* _Task goal_
Begin your copy at the line with "Submit your artwork" in the records below and end it at the line with "Coloring page colorful hat and scarf", restating each line word for word; omit the pictures.

* _Dataset excerpts_
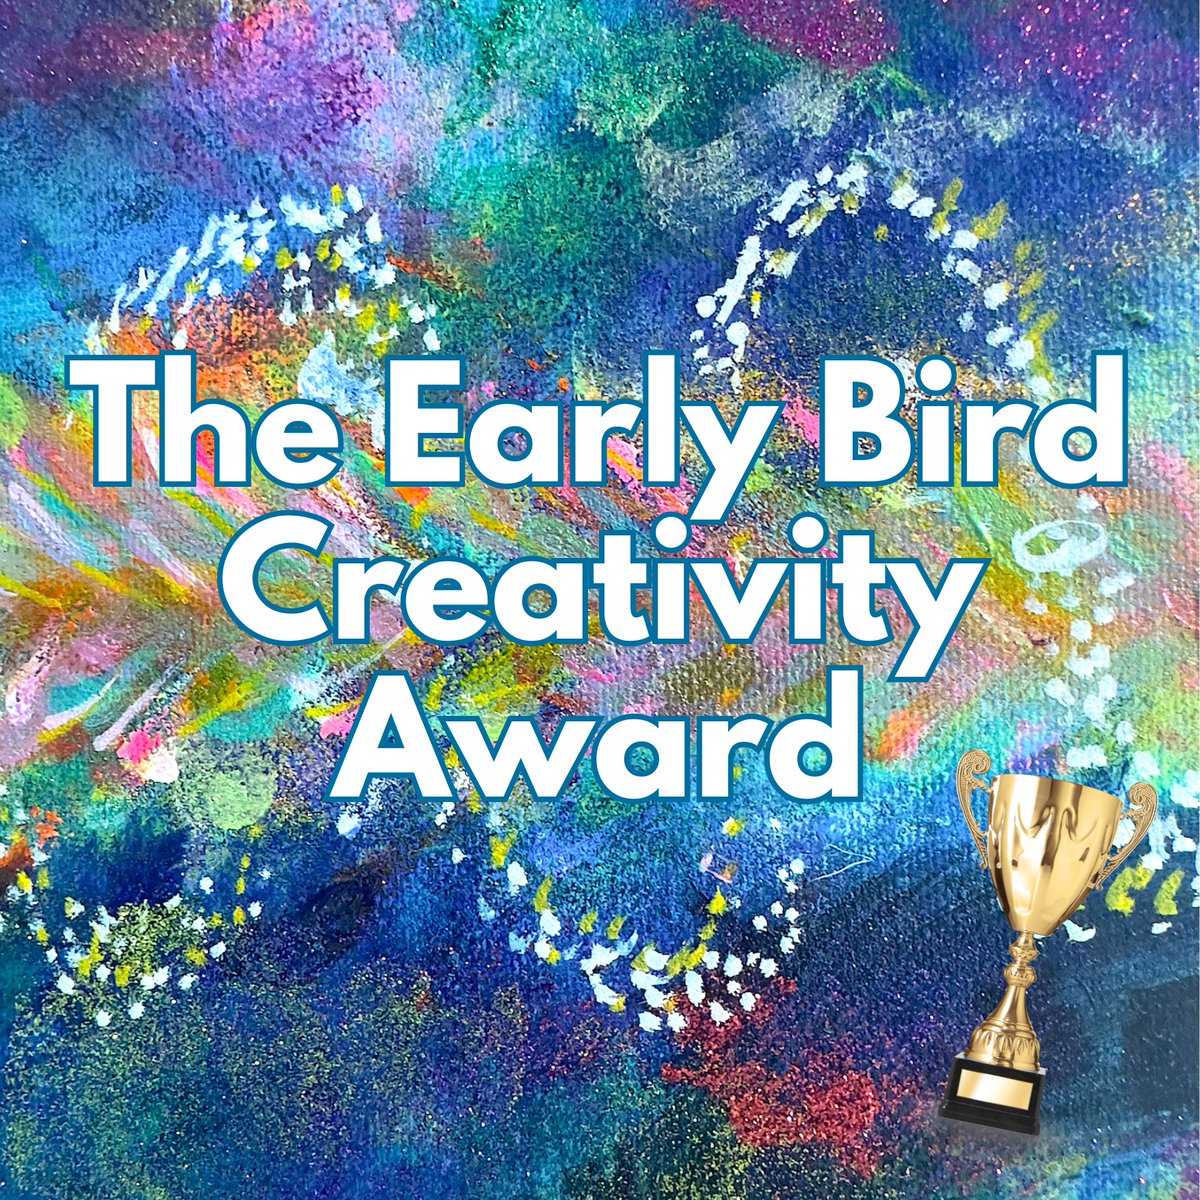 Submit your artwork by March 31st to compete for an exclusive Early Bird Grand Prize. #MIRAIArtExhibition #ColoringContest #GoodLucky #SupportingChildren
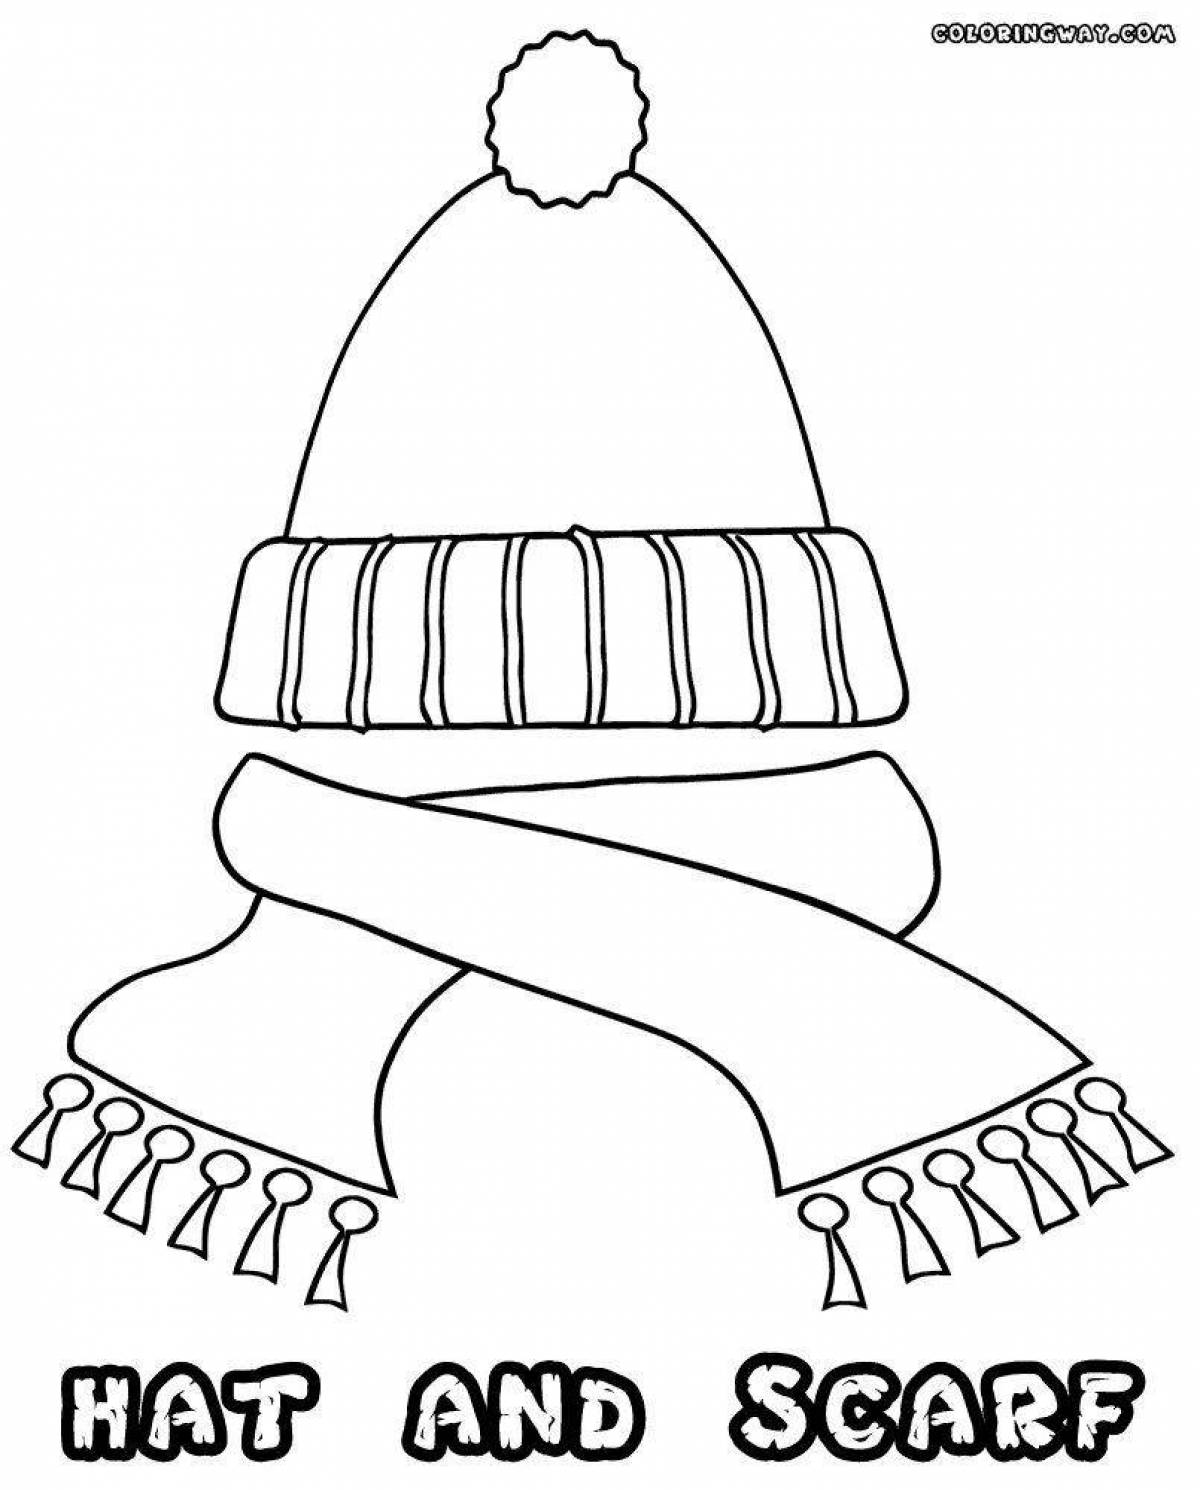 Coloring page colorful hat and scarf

---

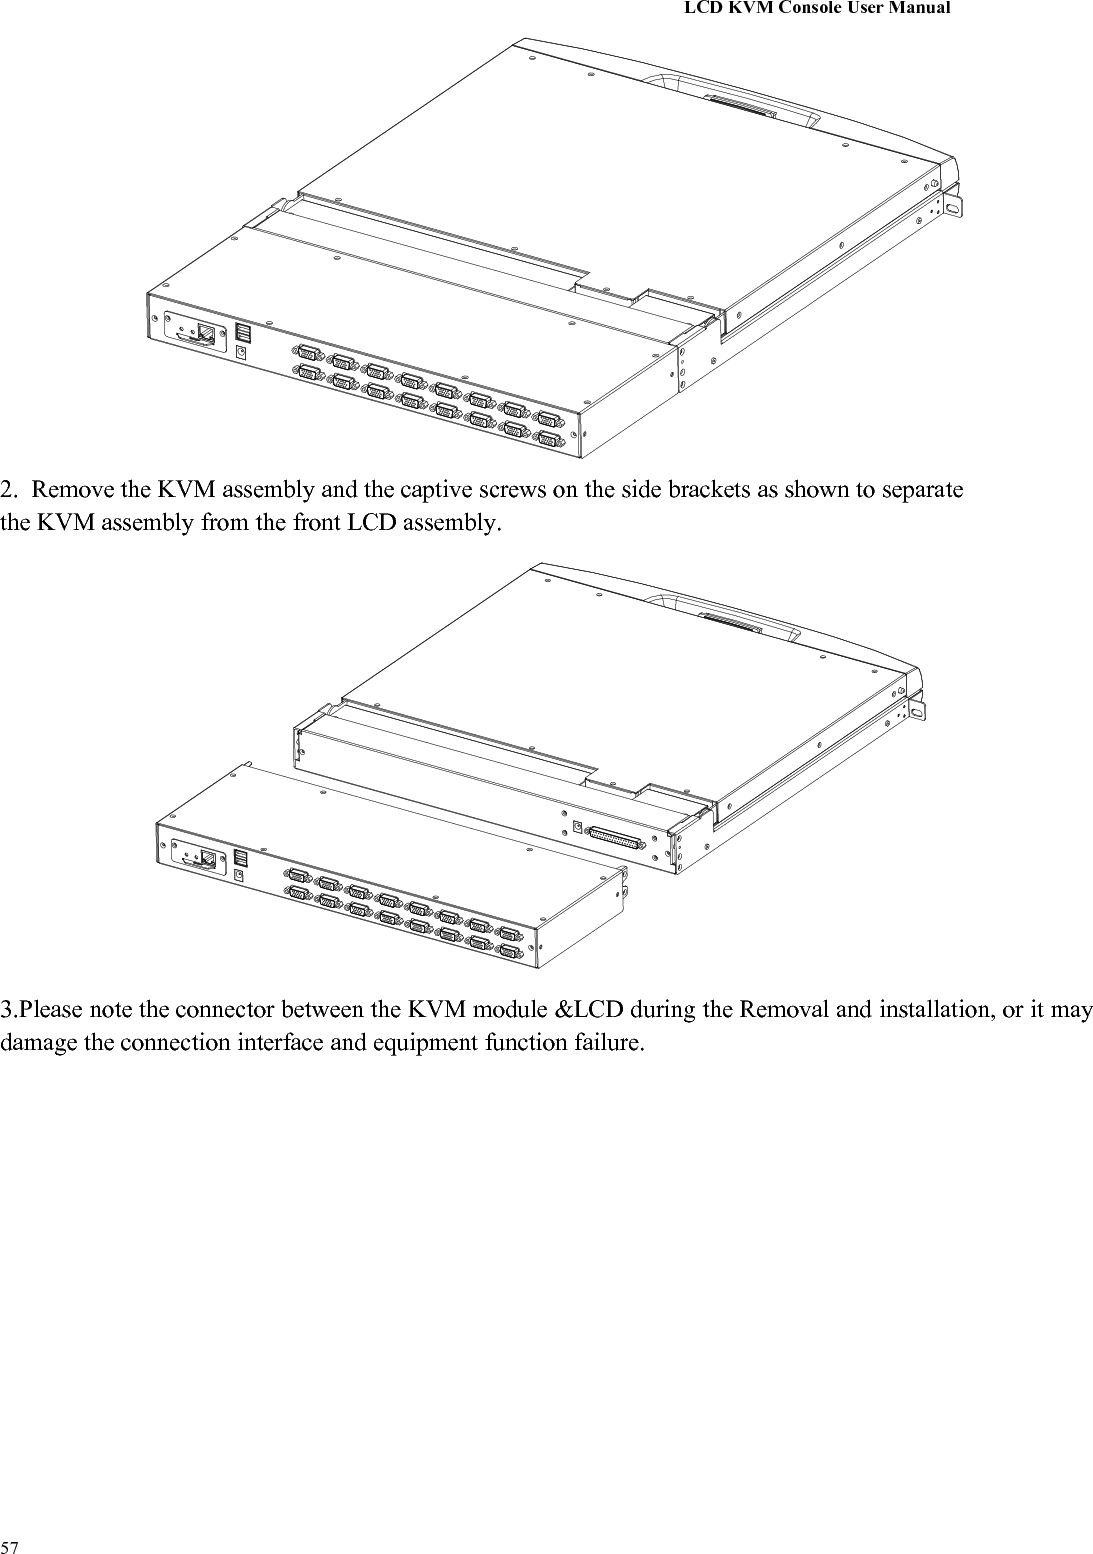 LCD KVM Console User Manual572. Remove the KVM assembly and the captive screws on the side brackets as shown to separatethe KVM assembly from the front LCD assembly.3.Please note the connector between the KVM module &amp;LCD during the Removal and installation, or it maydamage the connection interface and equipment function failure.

* _Output of the exercise_
 Submit your artwork by March 31st to compete for an exclusive Early Bird Grand Prize. #MIRAIArtExhibition #ColoringContest #GoodLucky #SupportingChildren
 Coloring page colorful hat and scarf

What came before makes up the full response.